Sounds familiar. During phone gate the other week I had a message via Facebook.

Please come round. NOTHING is working and you are our only contact with the outside world....

Apart from her mobile phone, FB Messenger, the Internet in general and the carers that were about to arrive...Hmm

If I'm not round there, it's 3 or 4 phone calls a day...I'm never not on edge.

NettleTea · 21/12/2020 14:19

we often get phonecalls from FIL where its not clear at all what he has actually rung for. And as he was ambiguous at the best of times its becoming increasingly tricky to understand his cryptic references to things, especially as they only have the most tenuous link to what he is thinking of.

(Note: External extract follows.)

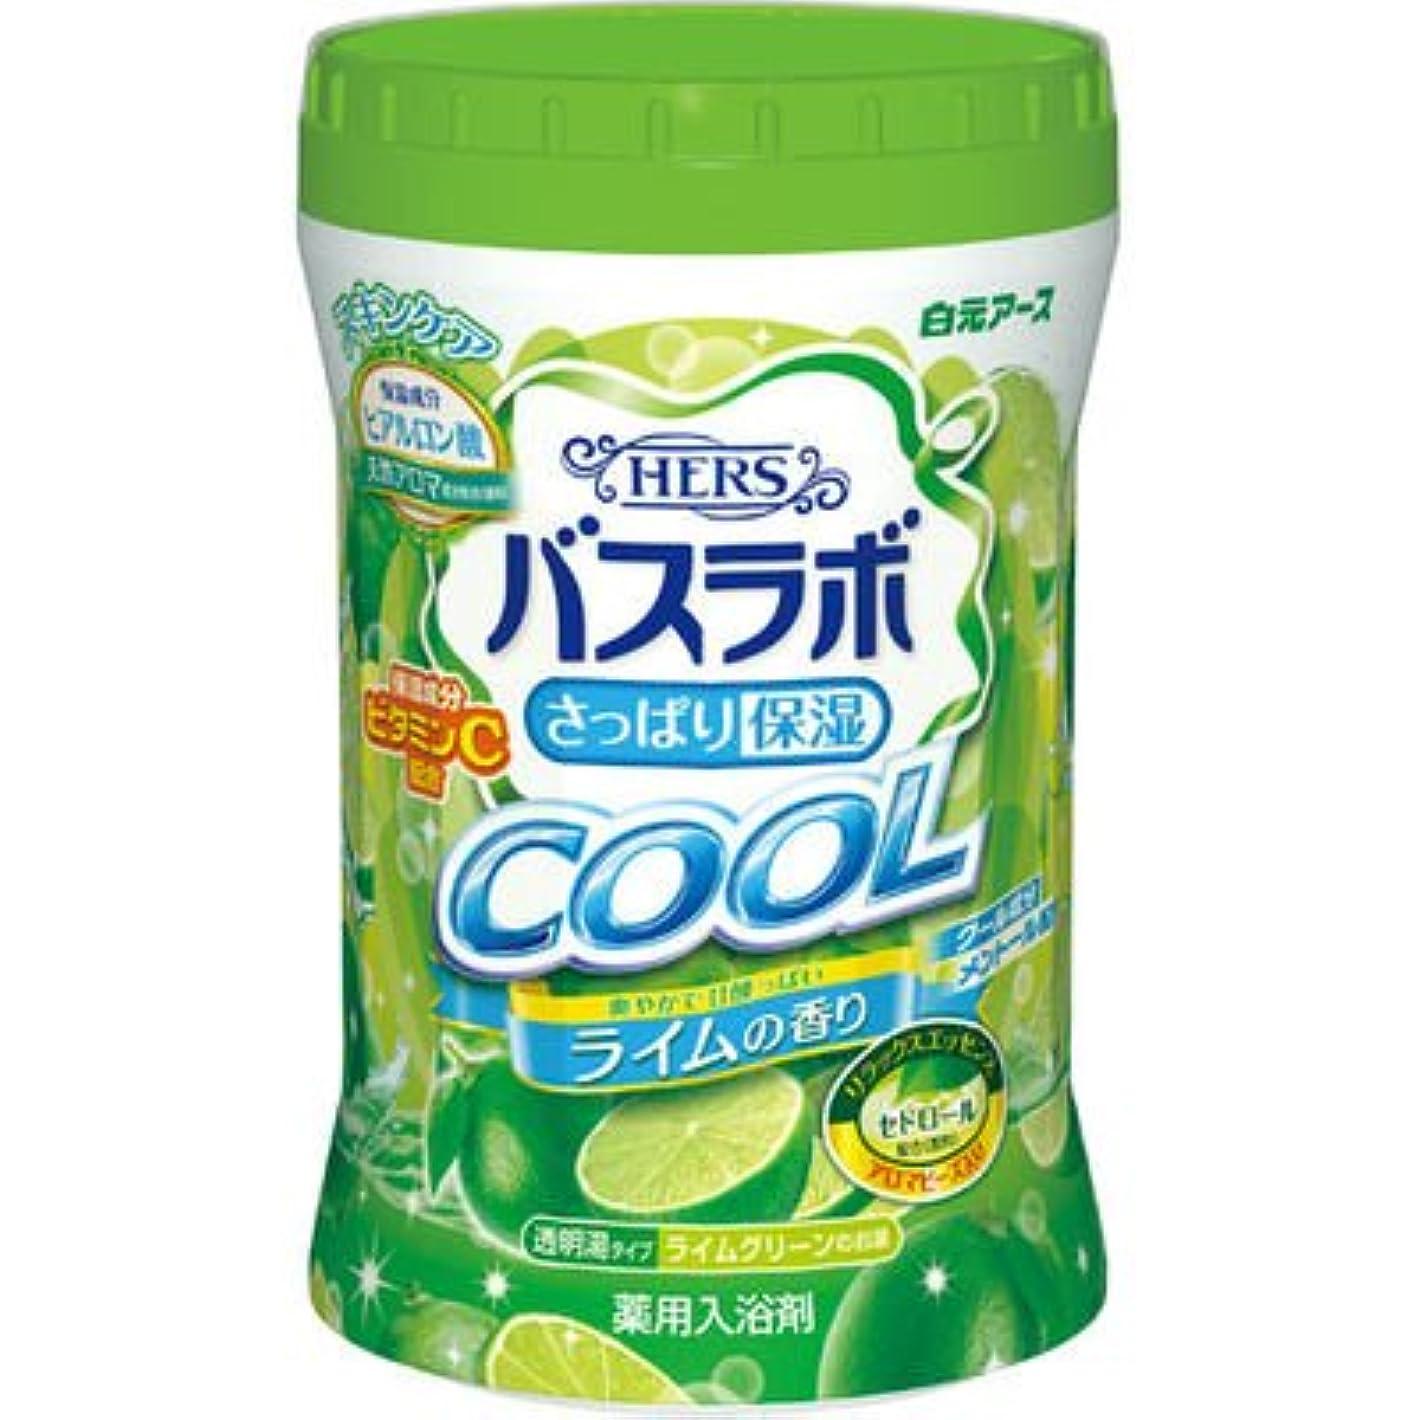 知覚的立証する日曜日白元アース HERSバスラボ さっぱり保湿 COOL ライムの香り 640g E537344H

DP has finally spoken to someone at the rehab place. apparently he is not having physio with the every day despite being a rehab place. So they are gearing him up to send him home even though he isnt 100%. The OT is coming to his house tomorrow and will meet DP there (Im now in isolation til Christmas day due to a track and trace contact) to look at what he needs, the main thing being a bed downstairs as they dont think he will make it up and down any more. So then they will order that. So depending on how long that takes, how long until carers are happy to restart their contract, and if they have hospital transport - they will send him back. Who knows when it will be.